お館様がお聞きになりたいと言われていたことは、おおむねお伝えしましたので」
「ふむ、そうか。──あ、いや少し待て。
治部左衛門、小一郎への連絡を他の者に任せるのは可能か? もう少し新吉から聞いてみたいことがあるのだが」
「は、すぐに手配いたします」
え? 俺に聞きたいことって何だ?
俺の戸惑いを感じ取ってか、お館様が少し笑みを見せた。
「なに、他の者から聞いても良いのだがな、わしと初めて話す者は緊張でうまく話せないようだからのう。

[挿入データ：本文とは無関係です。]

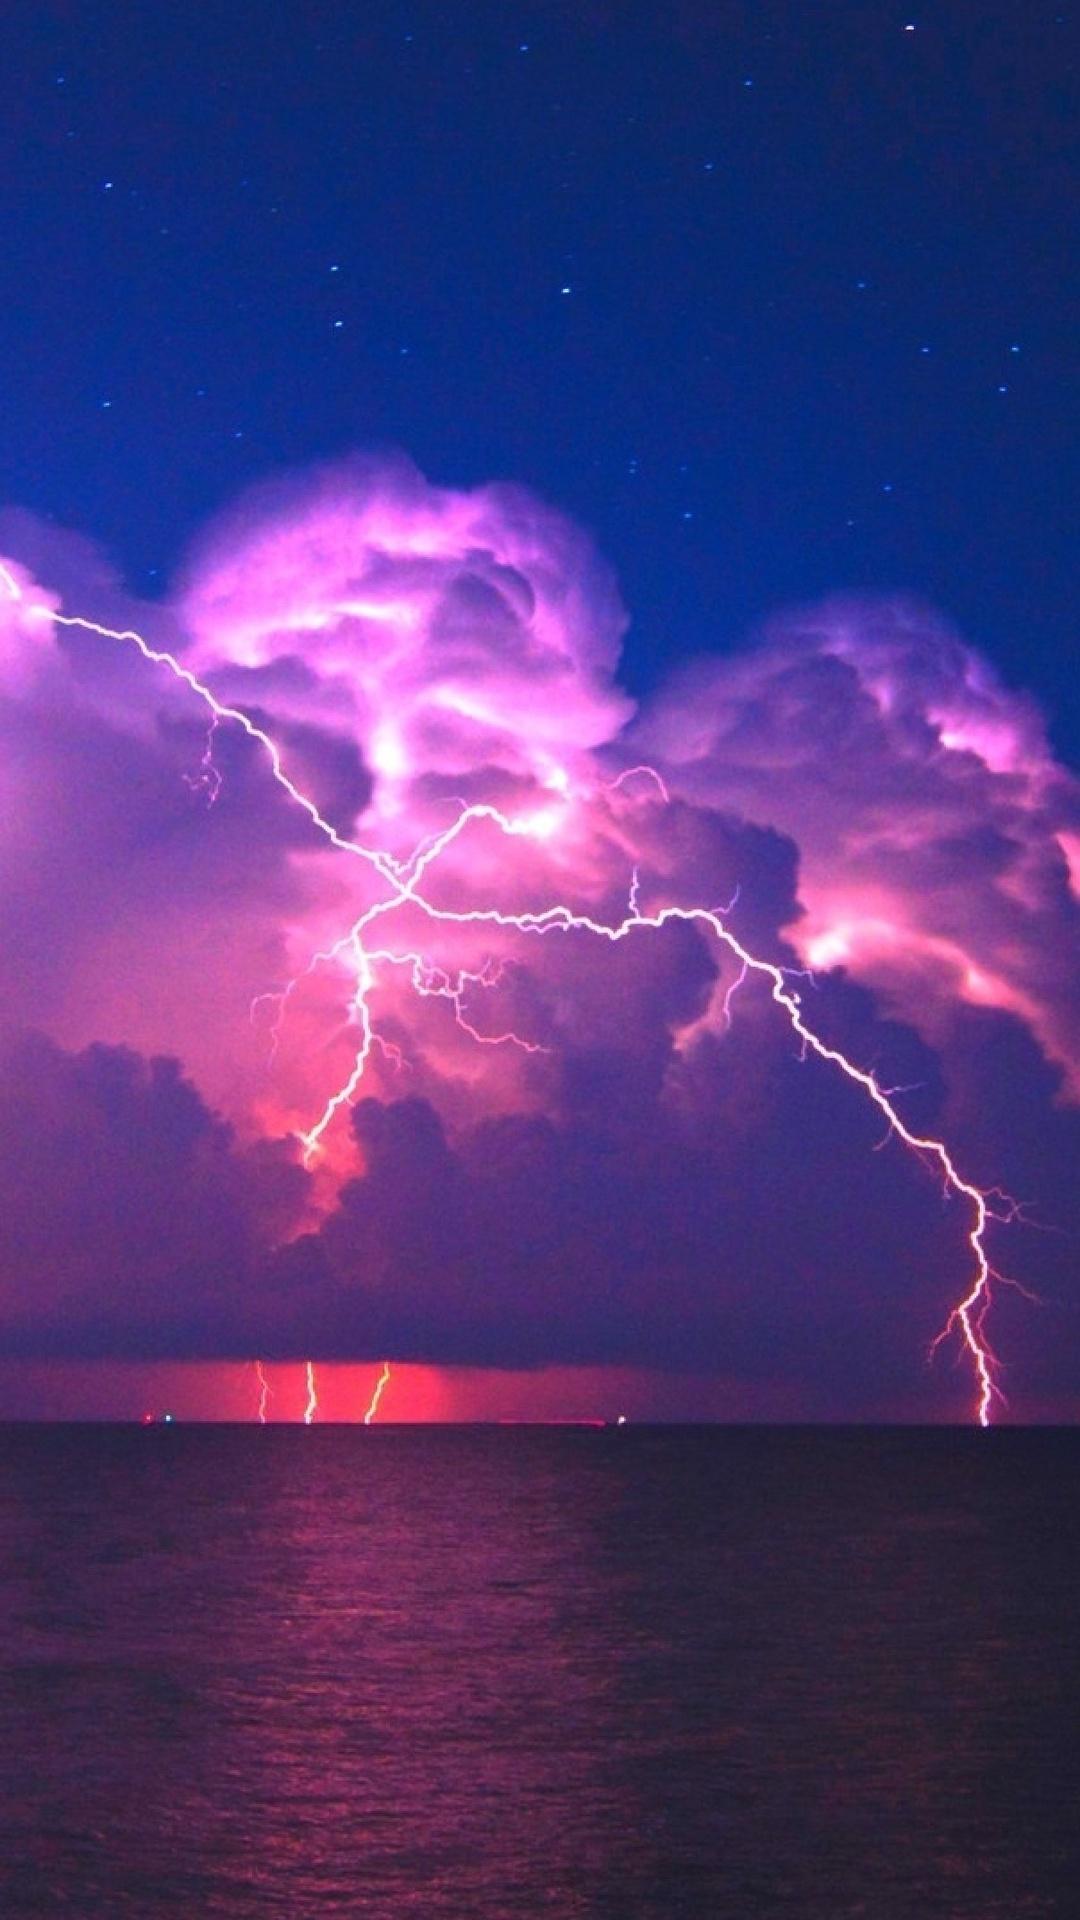 1080x1920 Lightning Pink Sky 4k Iphone 7,6s,6 Plus, Pixel ...

おぬしもそろそろわしと話すのに慣れてきたようだしな。しばしつき合え」
まあ、そういうことなら仕方ないか。
──そういうわけで、俺もお館様と並んで馬上の人となり、今浜を発つこととなった。
お館様と話すのは別にかまわないのだが、周りの馬廻り衆の方々が警戒するようにこちらを遠巻きに見るのがちょっと煩わしいんだよなぁ。
「さて、新吉。忍びのことについて教えてもらいたい。
おぬしはなぜ忍びになったのだ? どのような修行をしてきたのだ?」
うーん、それを聞いてどうするのだろう。まあ、隠すようなことでもないからな。
俺は問われるままに話し始めた。自分が戦災孤児であり、首領にたまたま拾われたことや、幼いころから行ってきた修行の内容など──。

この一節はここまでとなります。